According to Francisco Santana, owner of Escola Sorvete, free recipes for such products require more technical knowledge from the ice cream maker. “They say it is not possible to make ice cream without them, which is not true. But it is necessary to know how to balance the ingredients very well”, he says.

The option to produce 100% natural ice cream helps to conquer a growing team of consumers: vegans. In theory, all water-based recipes, with fruit and sugar, cater to this audience. On the other hand, it is more difficult to please the fit group or diabetics, since sugar is a key ingredient for obtaining texture.

“What I do is produce ice cream with little sugar, between 18% to 20%. But if I want to eliminate it completely, I will have to use sweeteners, which I prefer not to do”, explains Pamplona.

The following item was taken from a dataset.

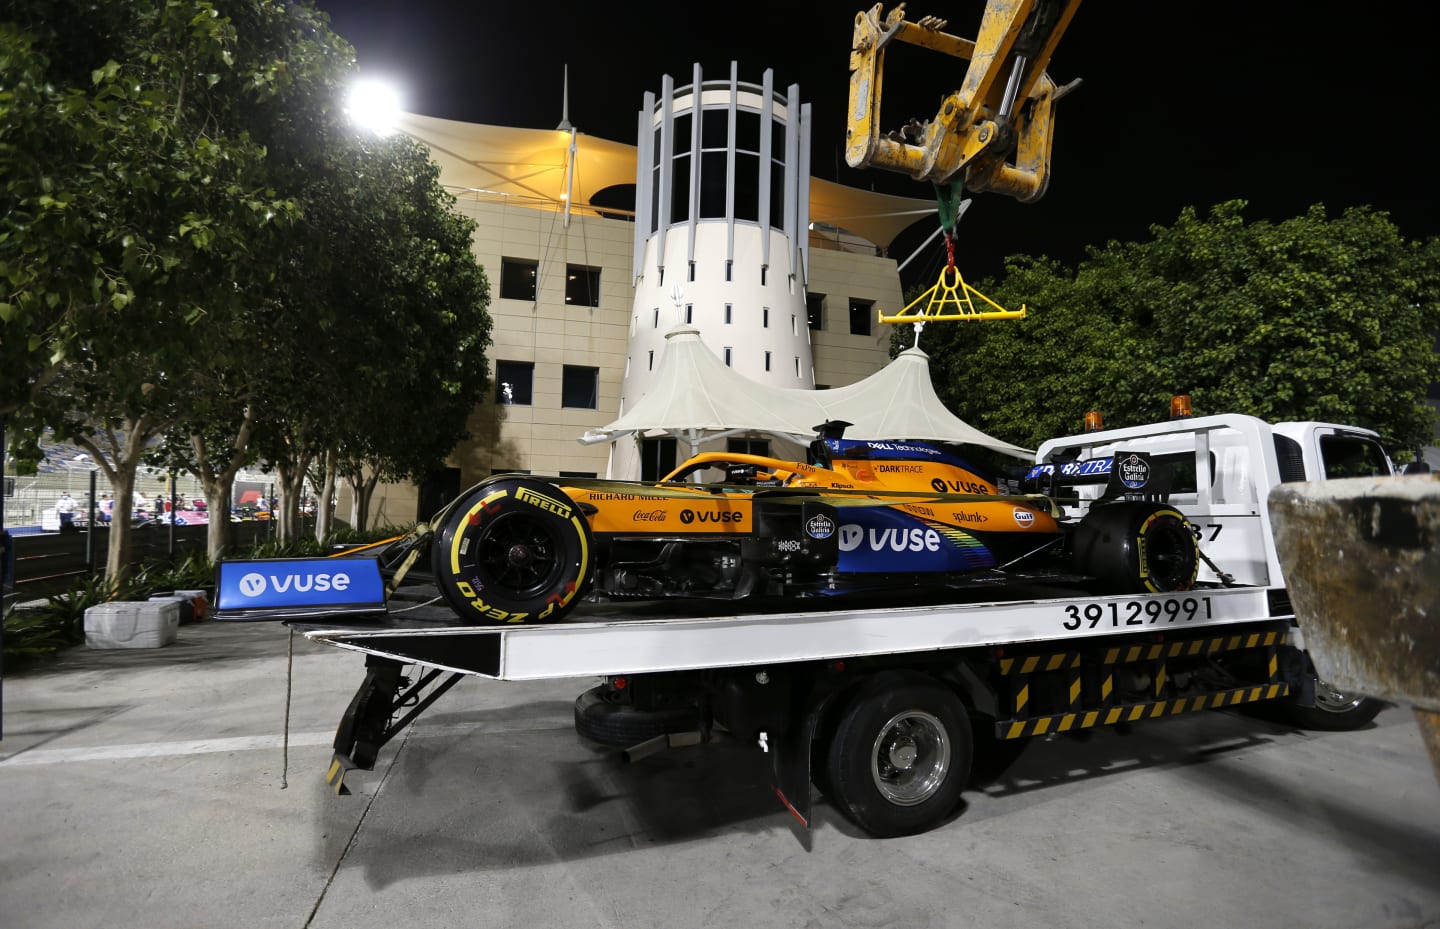 BAHRAIN, BAHRAIN - NOVEMBER 28: The car of Carlos Sainz of Spain and McLaren F1 is seen on a pickup truck after retiring during qualifying ahead of the F1 Grand Prix of Bahrain at Bahrain International Circuit on November 28, 2020 in Bahrain, Bahrain. (Photo by Hamad Mohammed - Pool/Getty Images)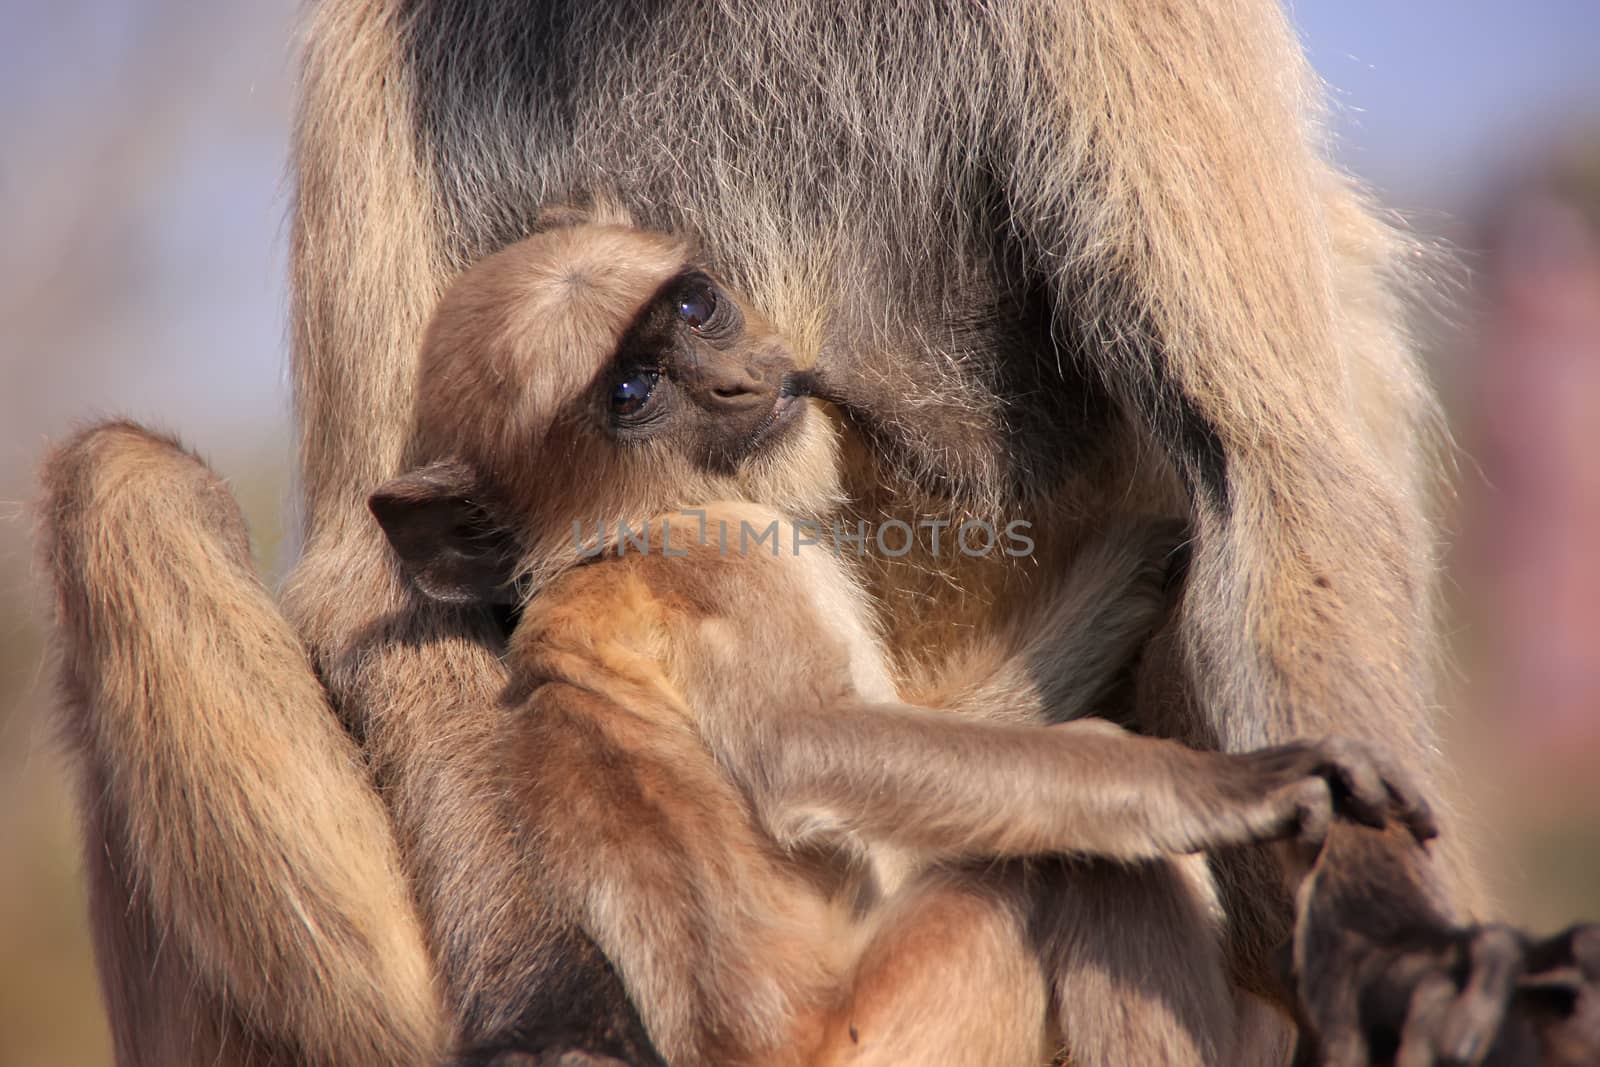 Baby Gray langur (Semnopithecus dussumieri) resting in mothers arms, Ranthambore Fort, Rajasthan, India

The solution, in this case, would be to produce popsicle – a segment that São Paulo’s ice cream parlors still barely explore. Not even Francisco Santana, a great enthusiast of the idea, put artisanal popsicles for sale in the delivery of his factory-school, currently focused on creamy ice creams in pots (R$ 39.90, with 400 grams) and ice cream pies (from R$ $89.90 to R$99.90), another retro-recovered fashion.

According to him, competition from popsicles produced in the backyard, for very low prices, and the “trauma of the Mexican palette”, which made many entrepreneurs go broke, have prevented this segment from taking off. Who knows for next summer?